Without the images, reproduce each line of the material exactly.

» Supplied data
↓↓↓
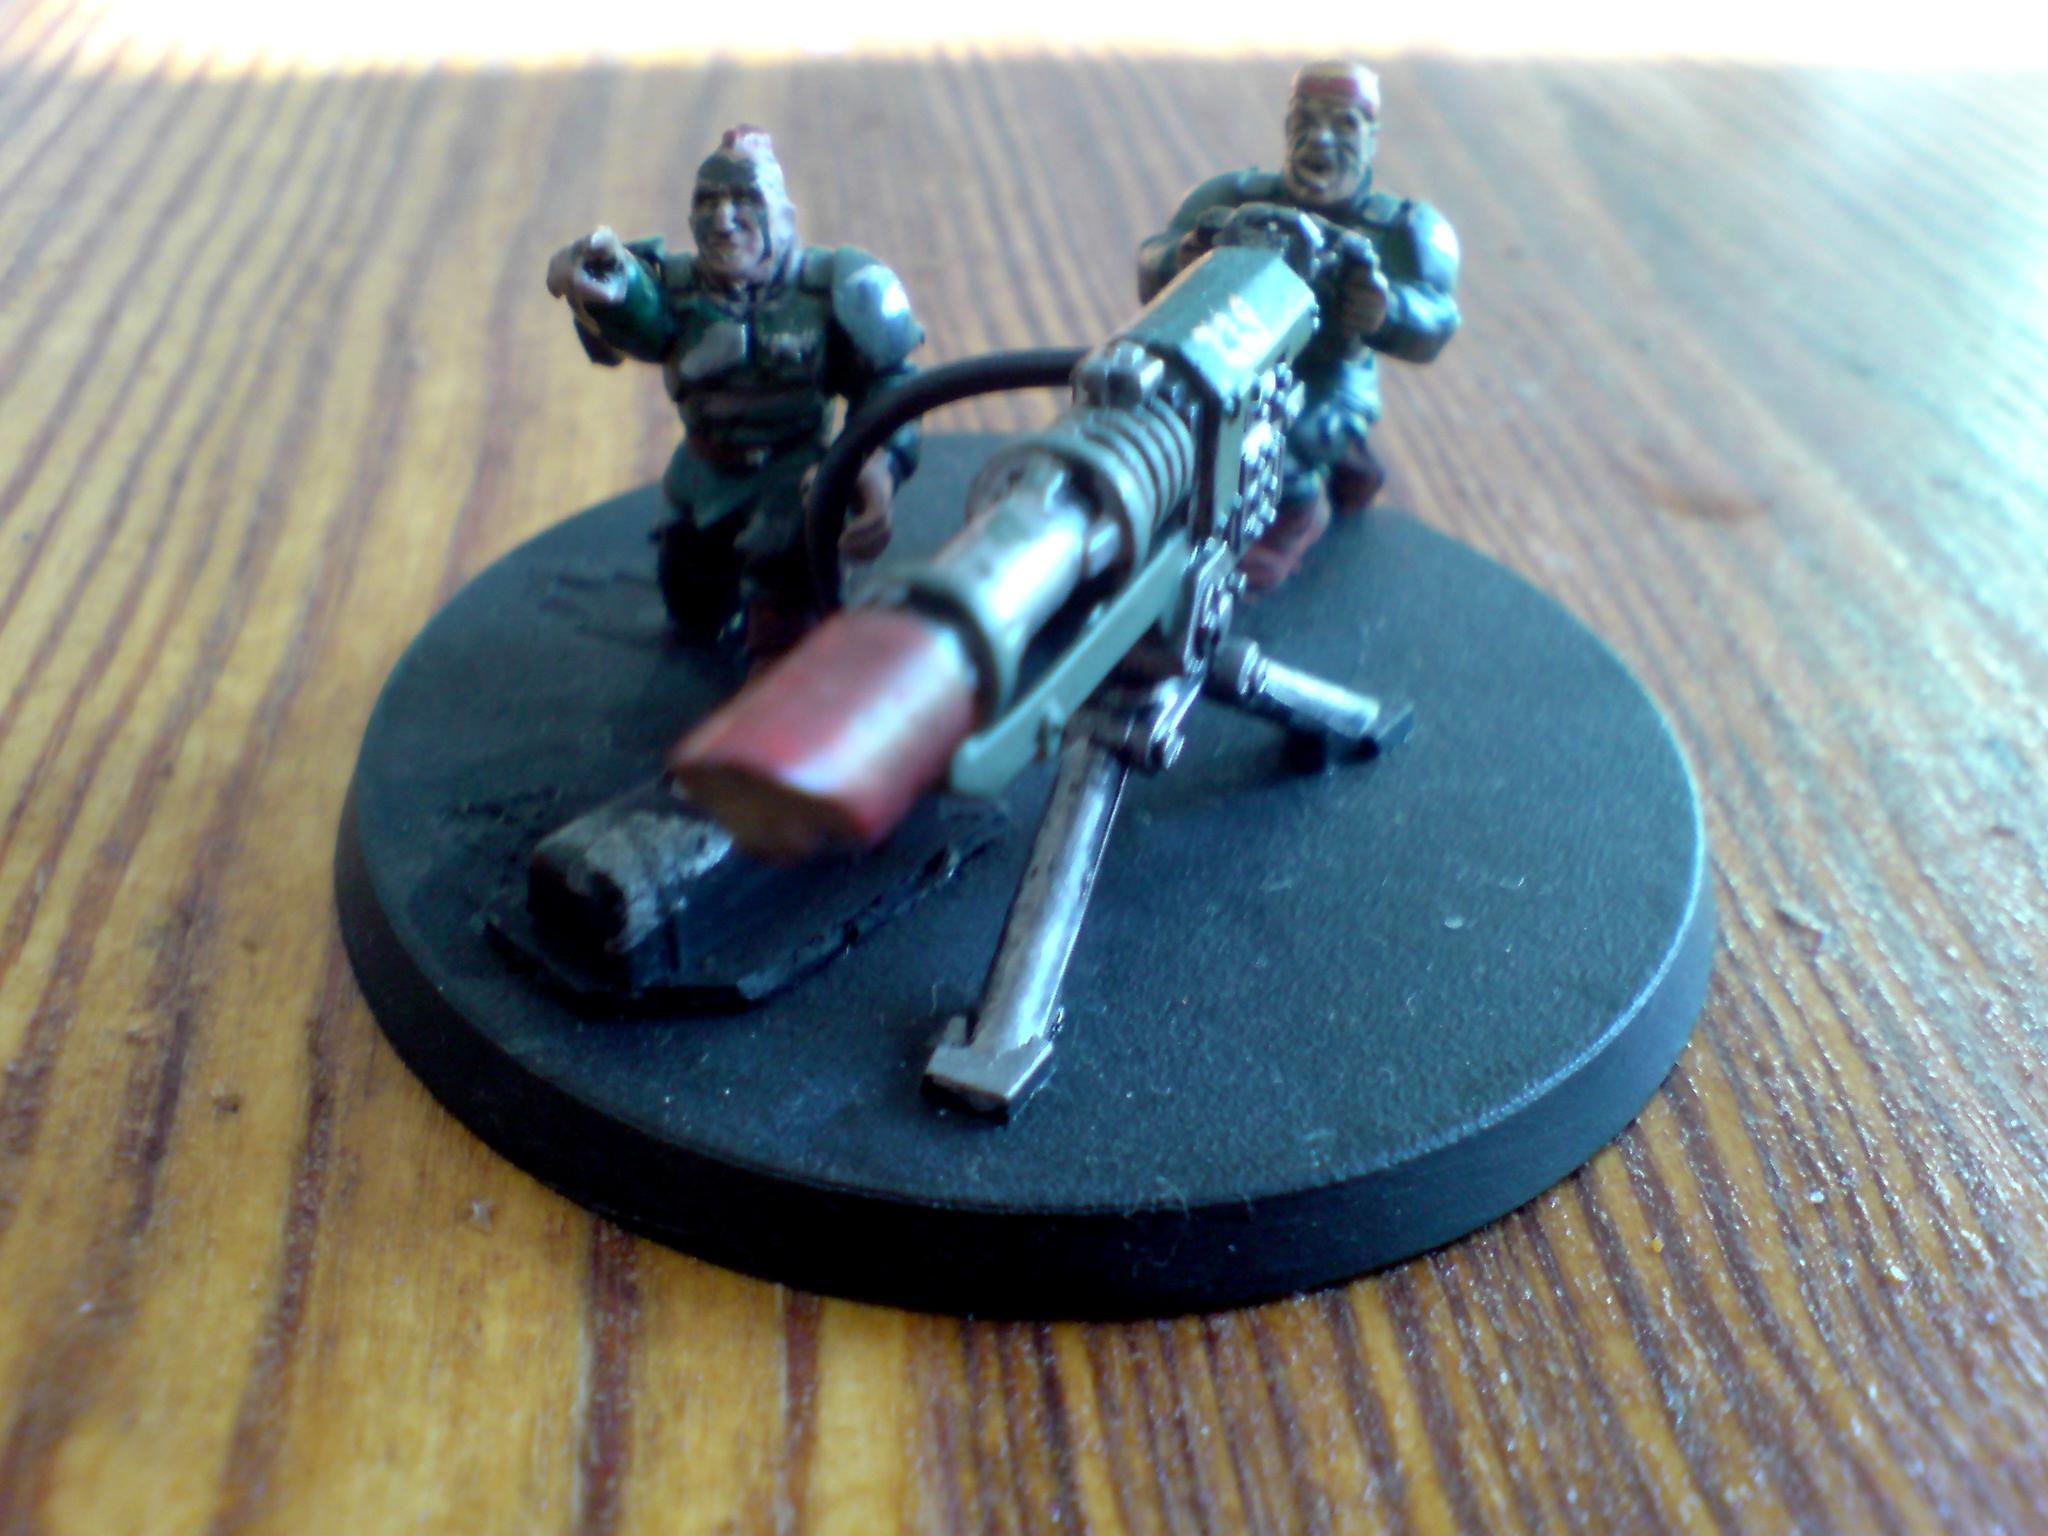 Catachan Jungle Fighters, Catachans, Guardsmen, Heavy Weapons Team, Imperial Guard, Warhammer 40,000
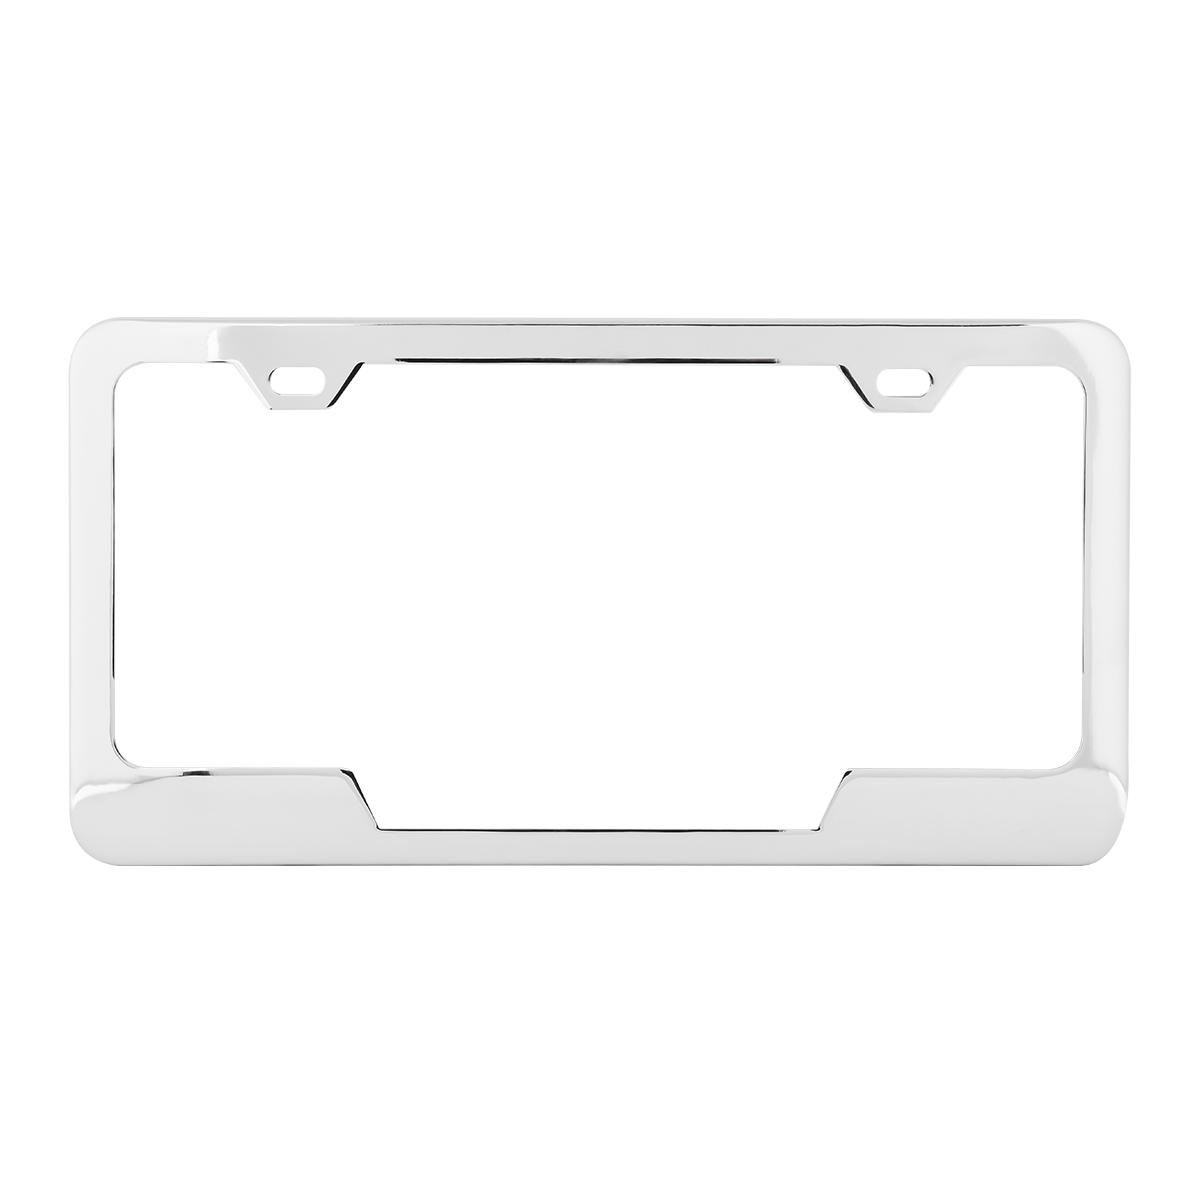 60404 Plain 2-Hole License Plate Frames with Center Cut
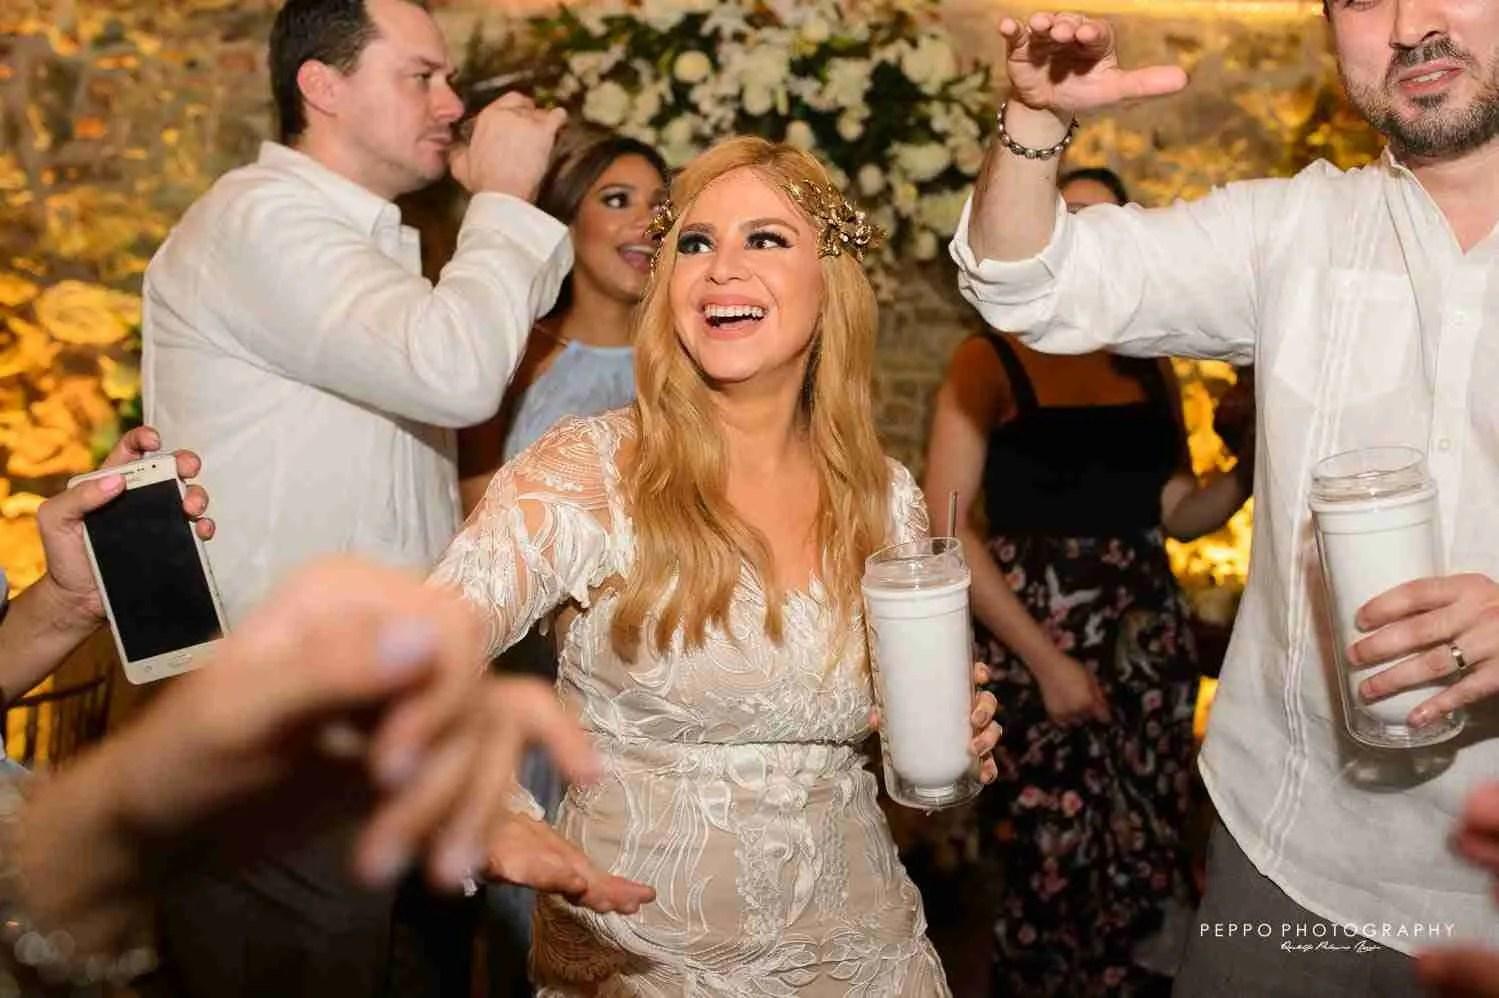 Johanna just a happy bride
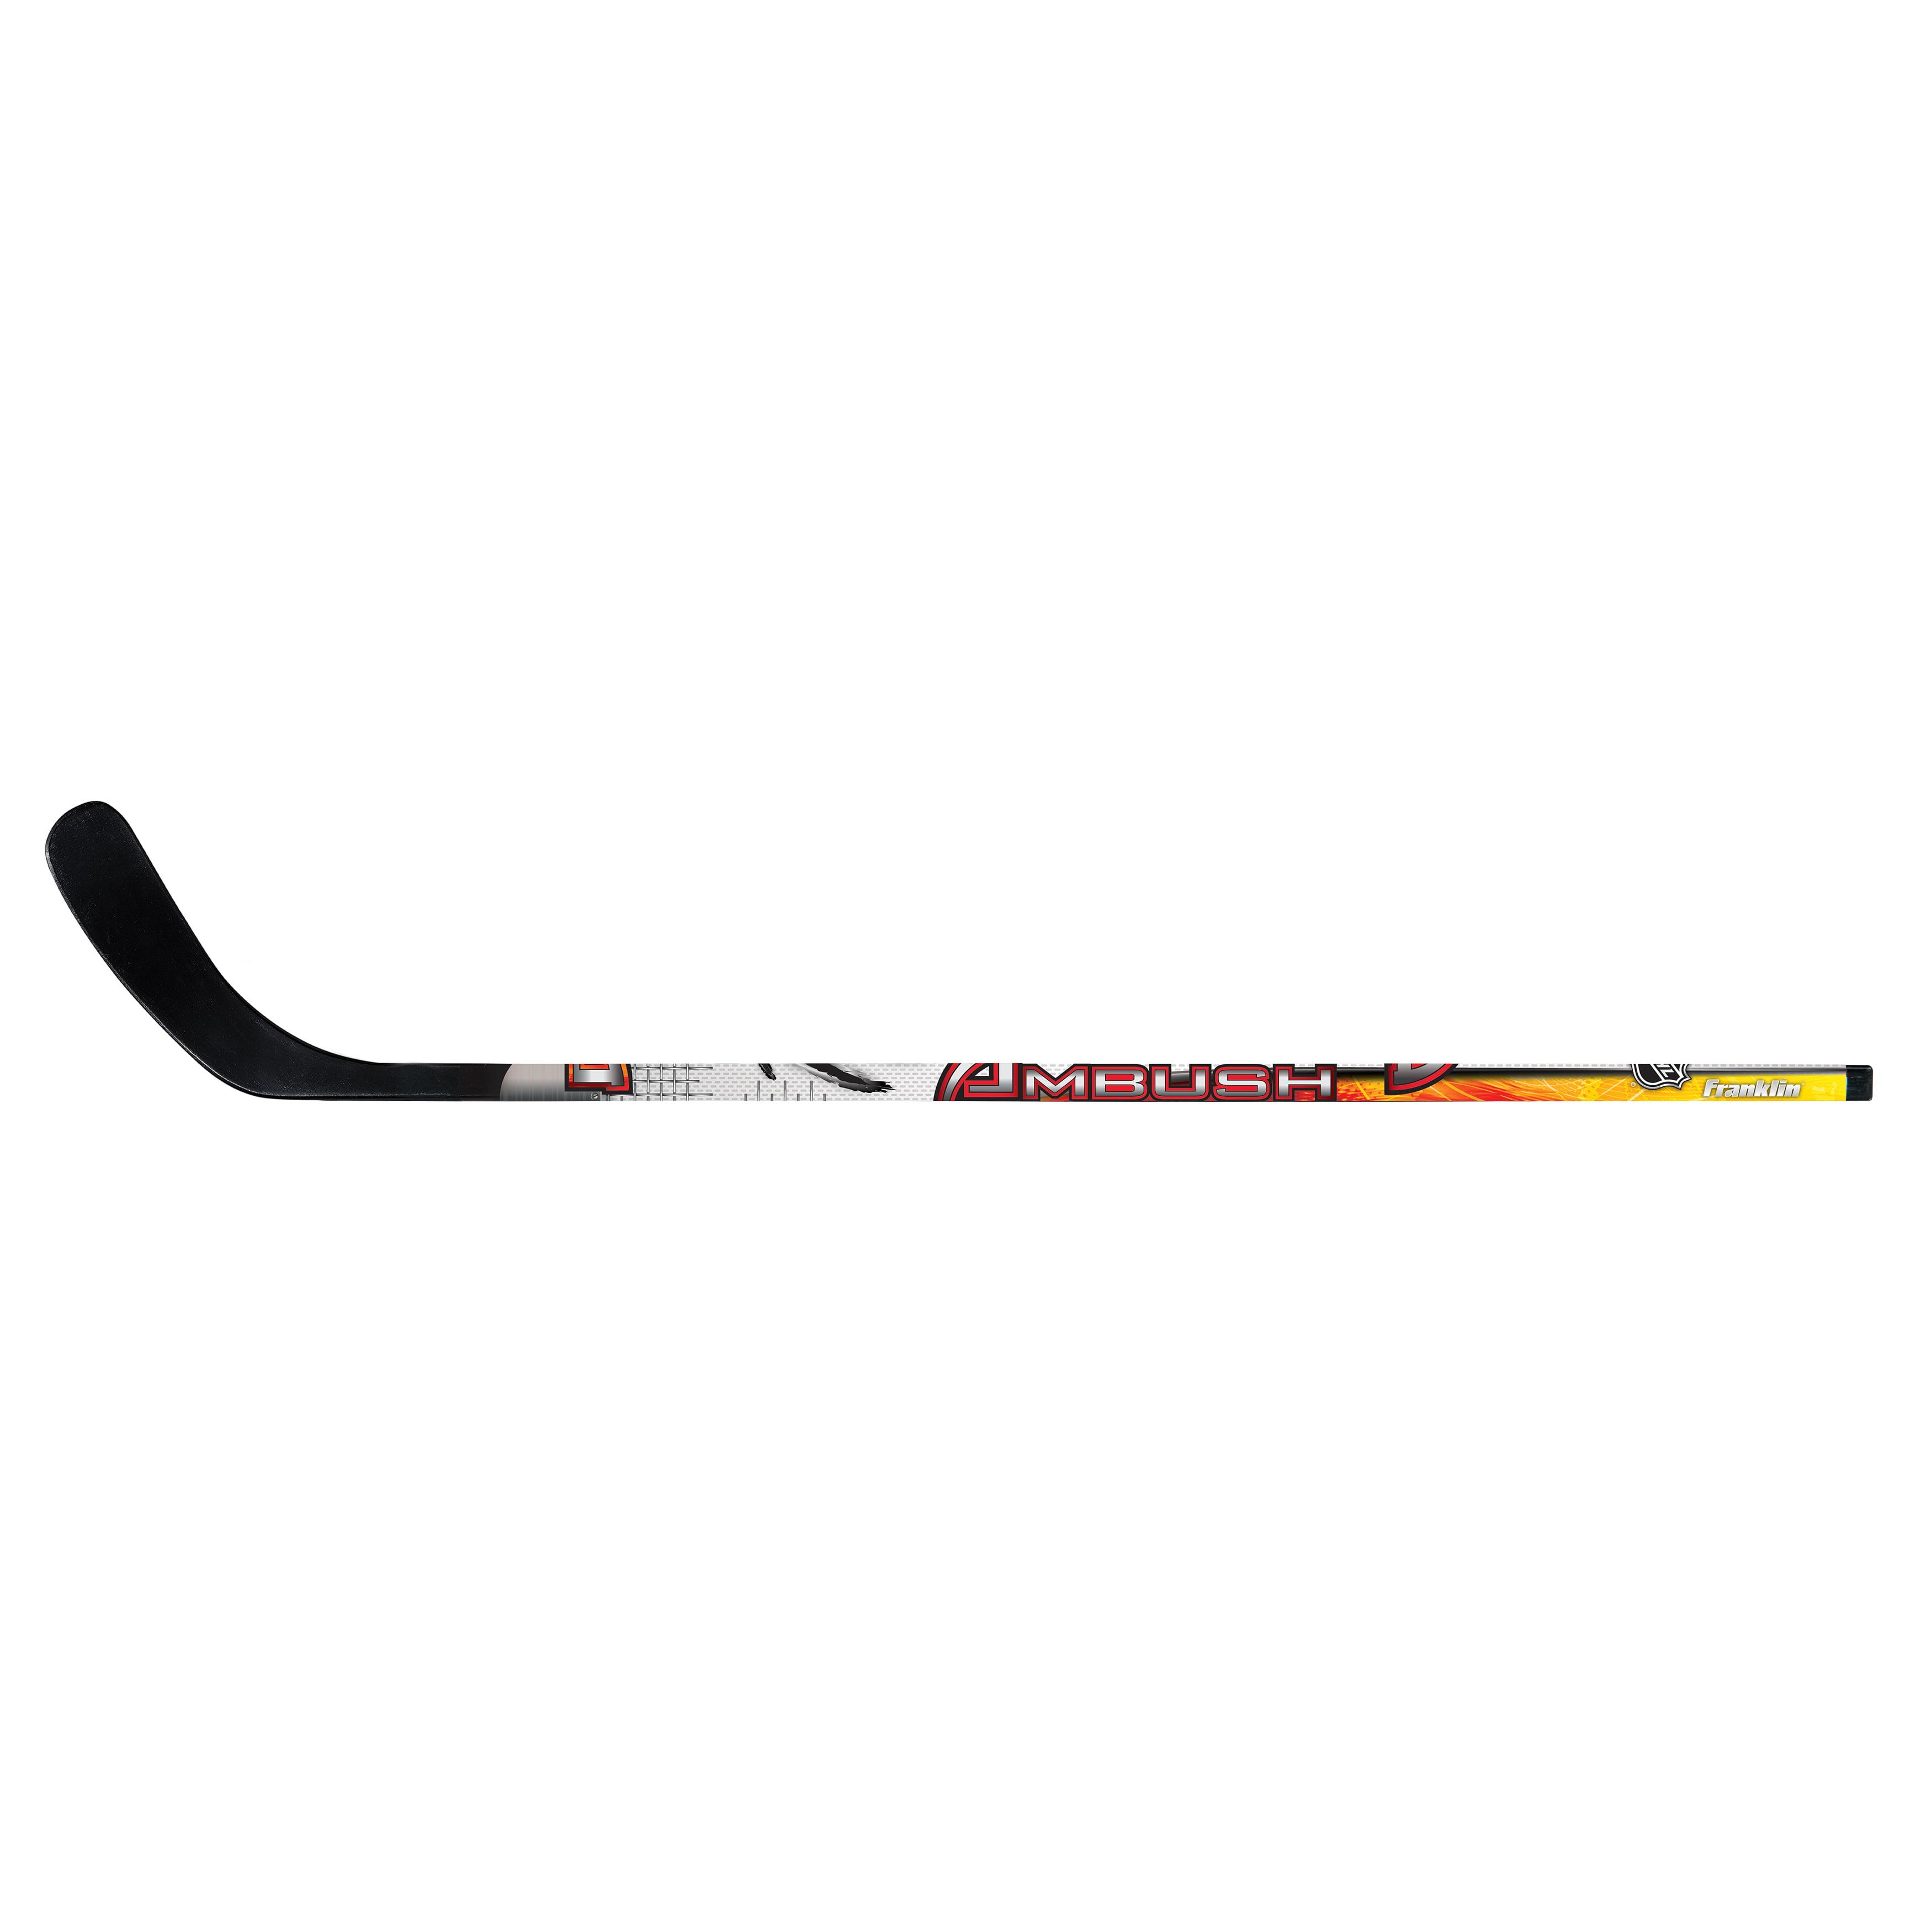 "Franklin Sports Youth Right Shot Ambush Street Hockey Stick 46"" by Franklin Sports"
↑↑↑
» Answer below
 Catachan Jungle Fighters, Catachans, Guardsmen, Heavy Weapons Team, Imperial Guard, Warhammer 40,000
 60404 Plain 2-Hole License Plate Frames with Center Cut
 Johanna just a happy bride
 "Franklin Sports Youth Right Shot Ambush Street Hockey Stick 46"" by Franklin Sports"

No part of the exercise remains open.